时间:04-05 整理:3721RD 点击:
Hi all,

So I have started to construct an AM receiver and noticed that the average peak to peak voltage from the LC tank circuit was around +- 50mV. What I want to know is what is the average voltage generated by an LC tank circuit? I ask this because I noticed that for a diode rectifier circuit to function properly it needs to be forward biased. So even if you use a shotky diode it would still have a forward voltage of ~0.1V which is still to high from what my LC tank circuit is producing...

Any ideas?

All the best,
Robin

If you are referring to the input LC circuit, 50mV is extremely large! Most radio receivers work well with tens of uV.

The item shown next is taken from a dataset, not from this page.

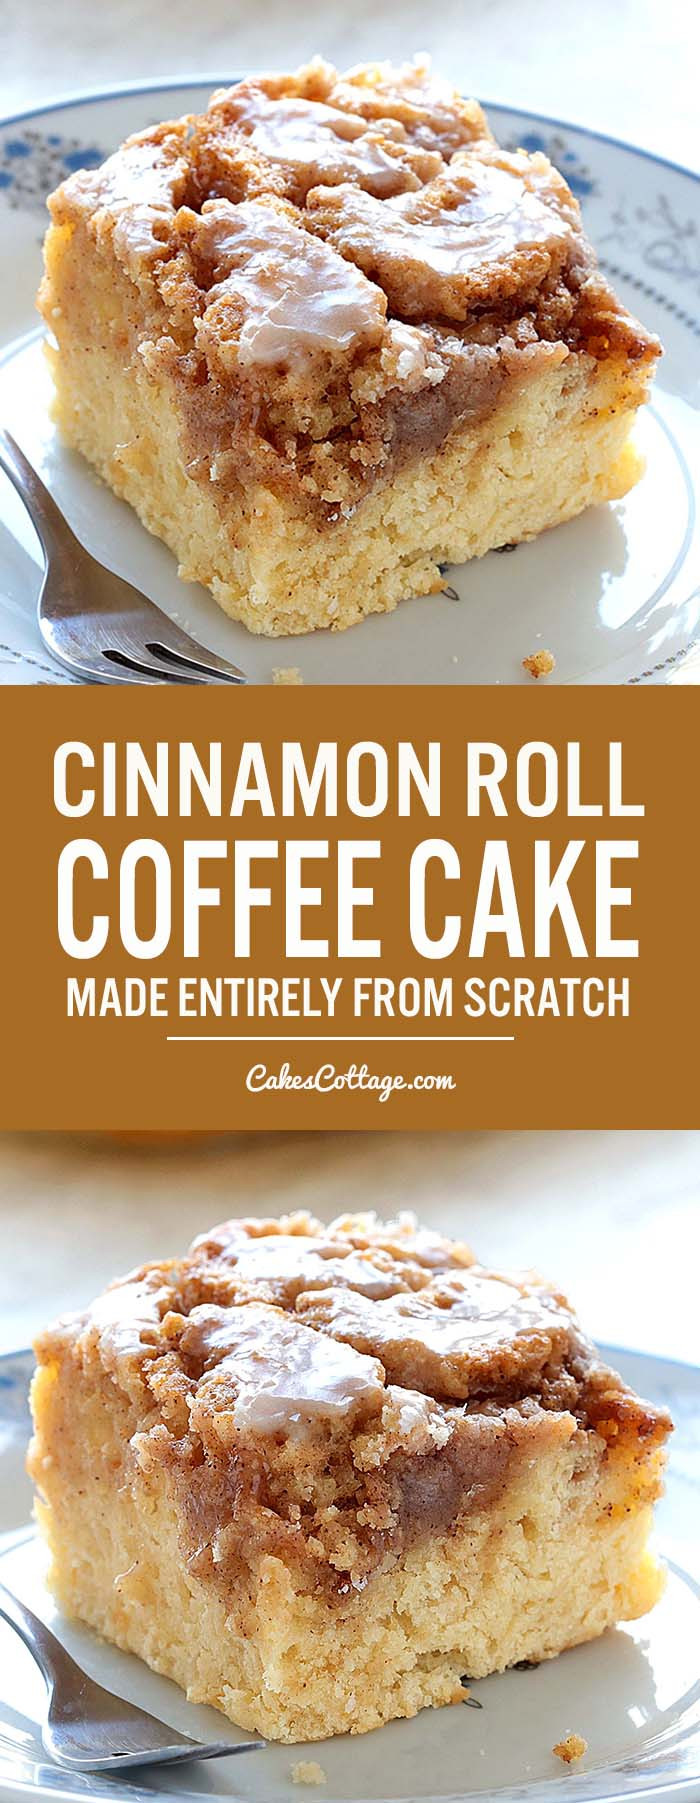 Breakfast Coffee Cake
 Easy Cinnamon Roll Coffee Cake Cakescottage

The forward voltage drop in the diode specification is measured at a relativey high current and when the diode is fully conducting. It is the voltage where the I/V curve has straightened out and the diode behaves more like a constant voltage device. For radio receiver detectors you don't want that to happen, instead you want the diode to conduct on the non-linear part of it's curve which is in the sub-Vf region. They actually start to conduct from almost zero voltage.

Brian.

Wow! Learn something new every day!
Thanks alot! So why is it then that when I probe the other side of the rectifying diode I do not see any waveforms that resemble what I pick up on the tank circuit?

When I first started electronics (in about 1957) I built a crystal set.

It used a Gemanium diode (an OA71 if I remember correctly) to rectify the RF from the Tank Circuit. It worked quite well.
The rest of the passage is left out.